В «Записных книжках Мальте Лауридса Бригге» герой приходит к тому же выводу, к которому сам Рильке пришел, размышляя о Бодлере. «Его задача была видеть», – говорит Мальте. Он должен был победить отвращение и установить связь между собой и разлагающимся телом, чтобы распознать «единую Сущность, которая скрывается за всеми индивидуальными сущностями». На пути к этому единению оставалось последнее испытание: «проверить, сможешь ли ты лечь в одну постель с прокаженным и согревать его своим дыханием».

Для Рильке автор, владеющий искусством видеть, владеет и своими эмоциями. Пытаясь приукрасить или сентиментализировать объект, художник жертвует правдивостью восприятия; именно приверженность Бодлера к наблюдению сделала из него настоящего художника слова, который ваяет «строчки-барельефы и сонеты-колонны», писал Рильке.

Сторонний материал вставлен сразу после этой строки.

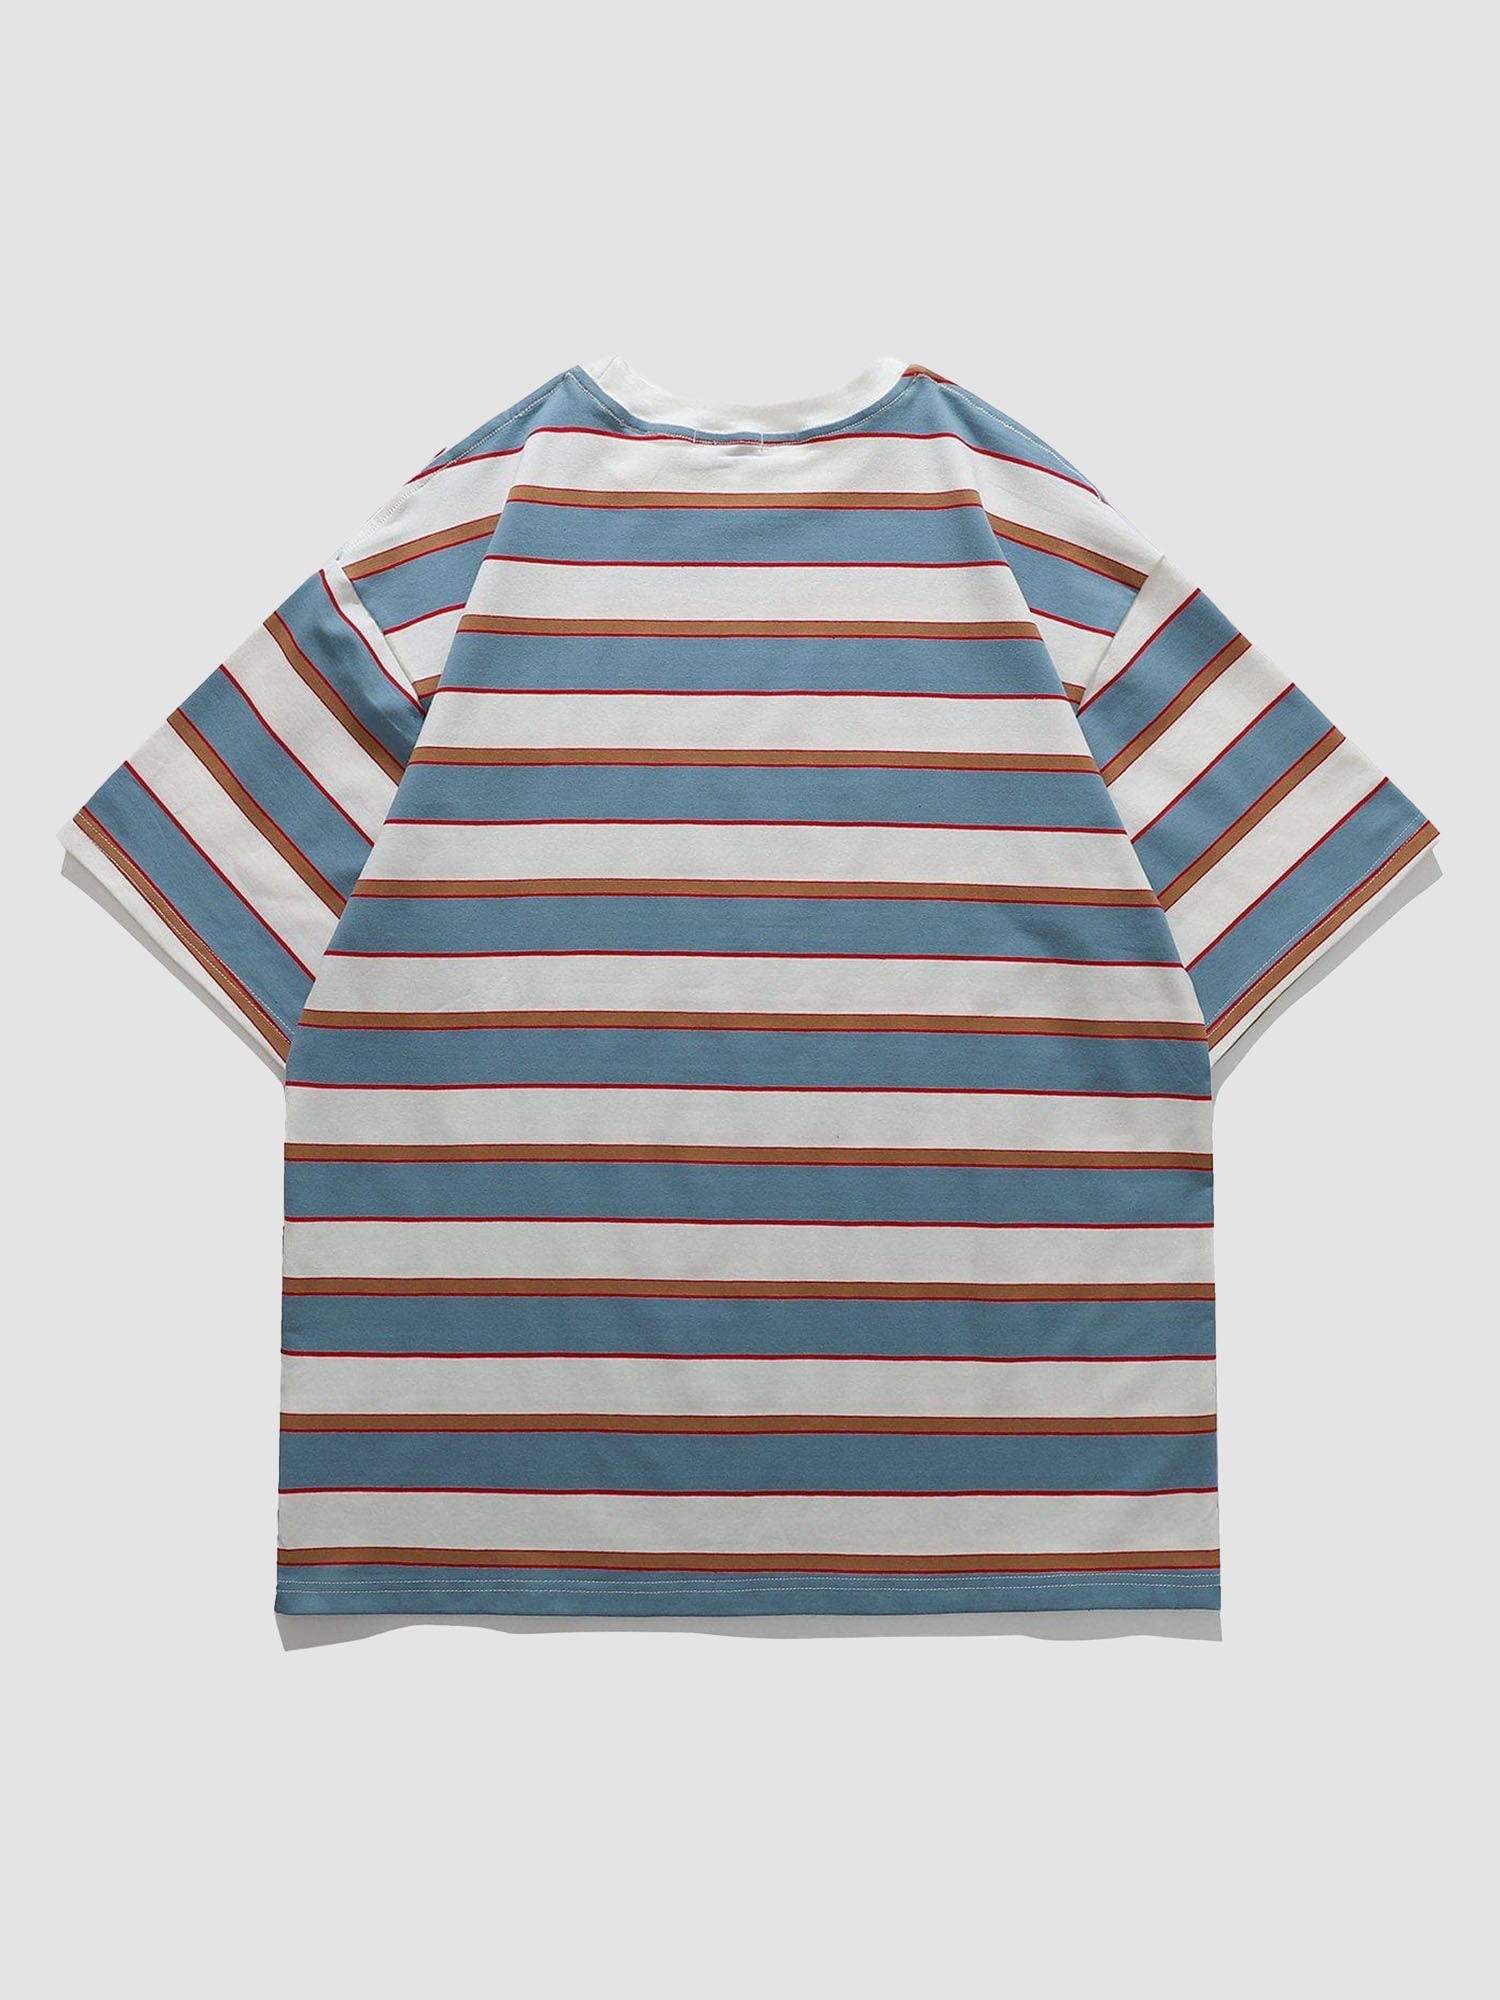 JUSTNOTAG Embroidered Striped Panel Short Sleeve Tee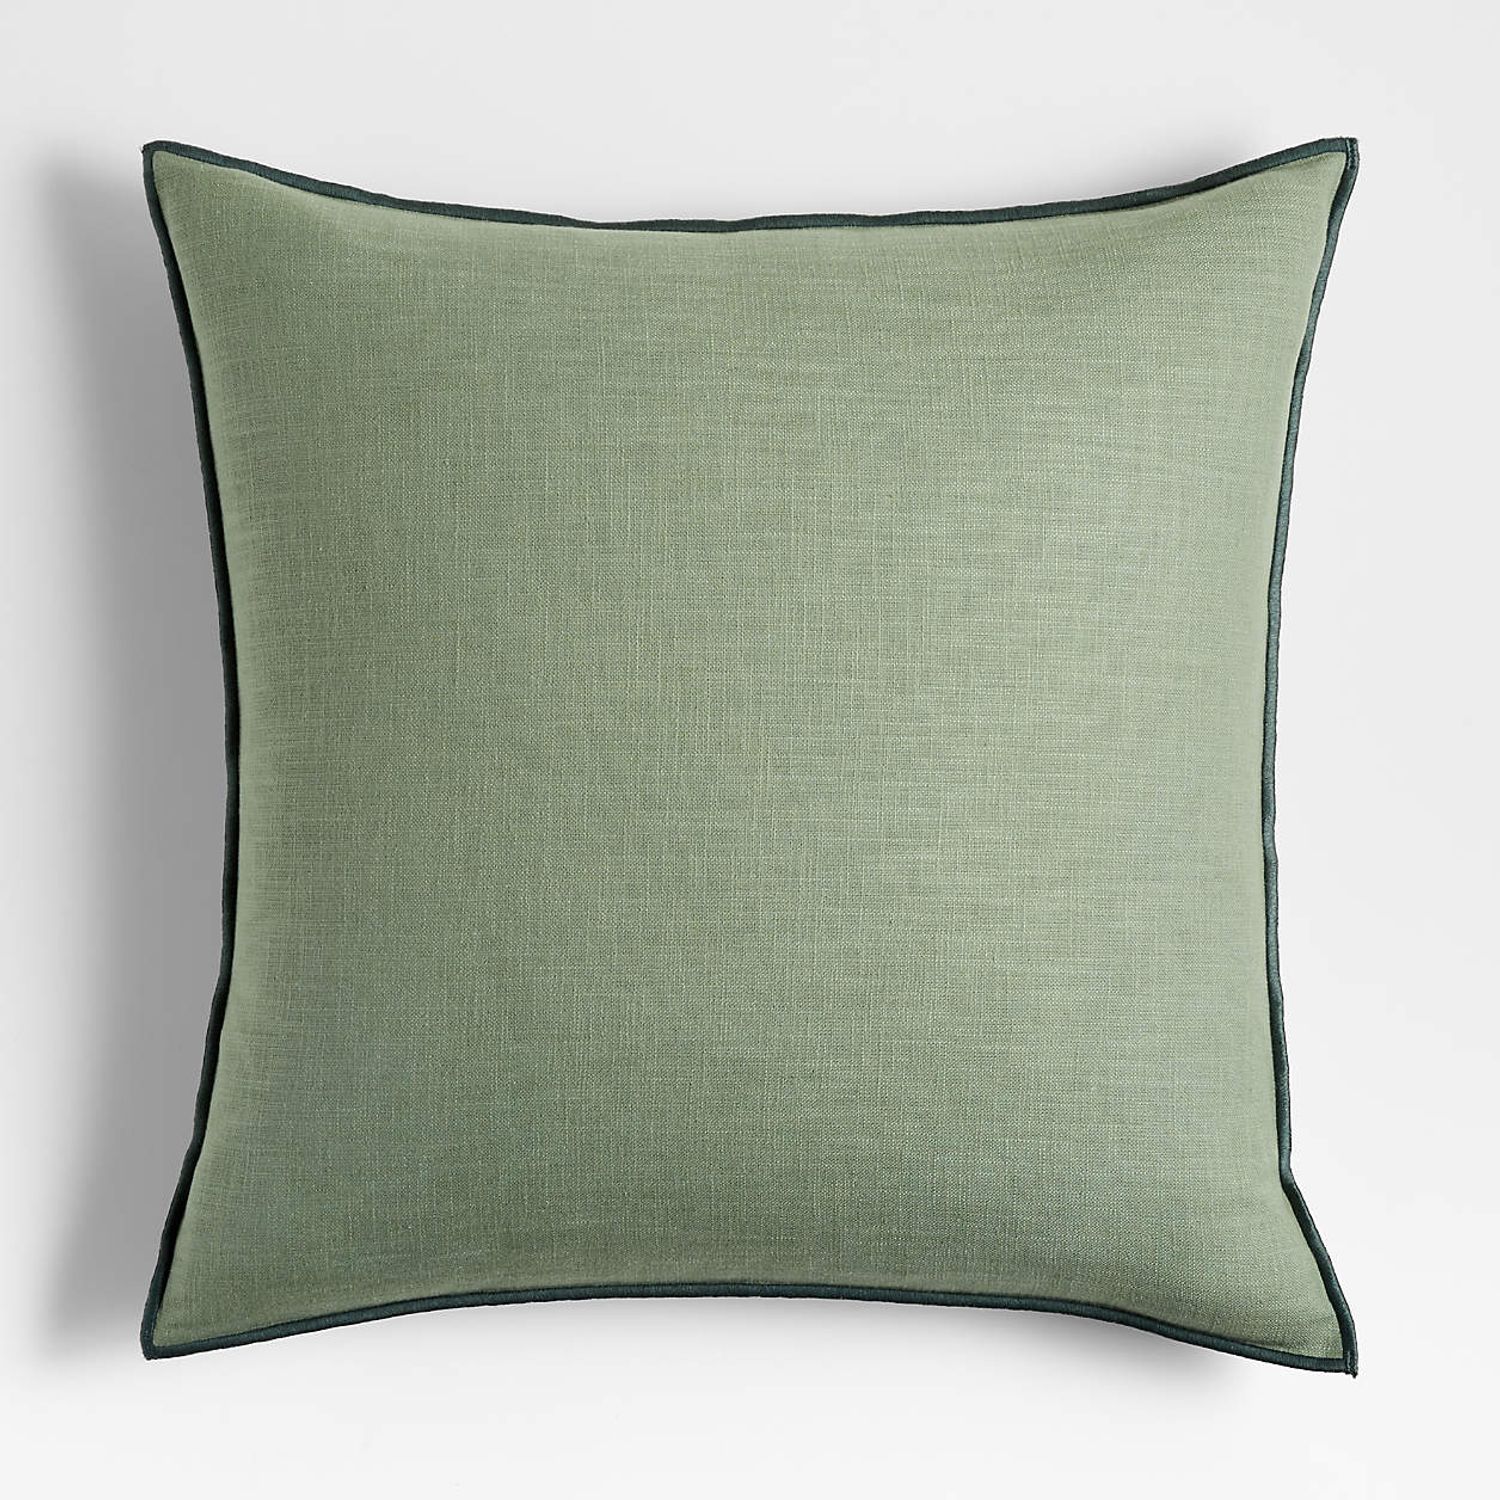 Shop Sage 23" Merrow Stitch Cotton Pillow Cover w/ Inserts (2) from Crate and Barrel on Openhaus

Рильке распознал в Сезанне художника, которому по плечу был вызов, брошенный Бодлером. Сезанн проникал в самую суть вещей «через собственное переживание предметов». Но, к величайшему огорчению поэта, наступил конец месяца, а с ним и закрытие Салона. Каждый миг этих последних дней Рильке проводил перед полотнами, жадными глазами впитывая в себя столько цвета, сколько мог, пока картины не увезли, а их место не заняли автомобили.

Помимо Сезанна, еще одна выставка в рамках Осеннего салона 1907 года произвела на поэта сильное впечатление. В галерее Бернхейм-Жён состоялся первый большой показ рисунков Родена, совершенно не похожих на его прежнюю графику.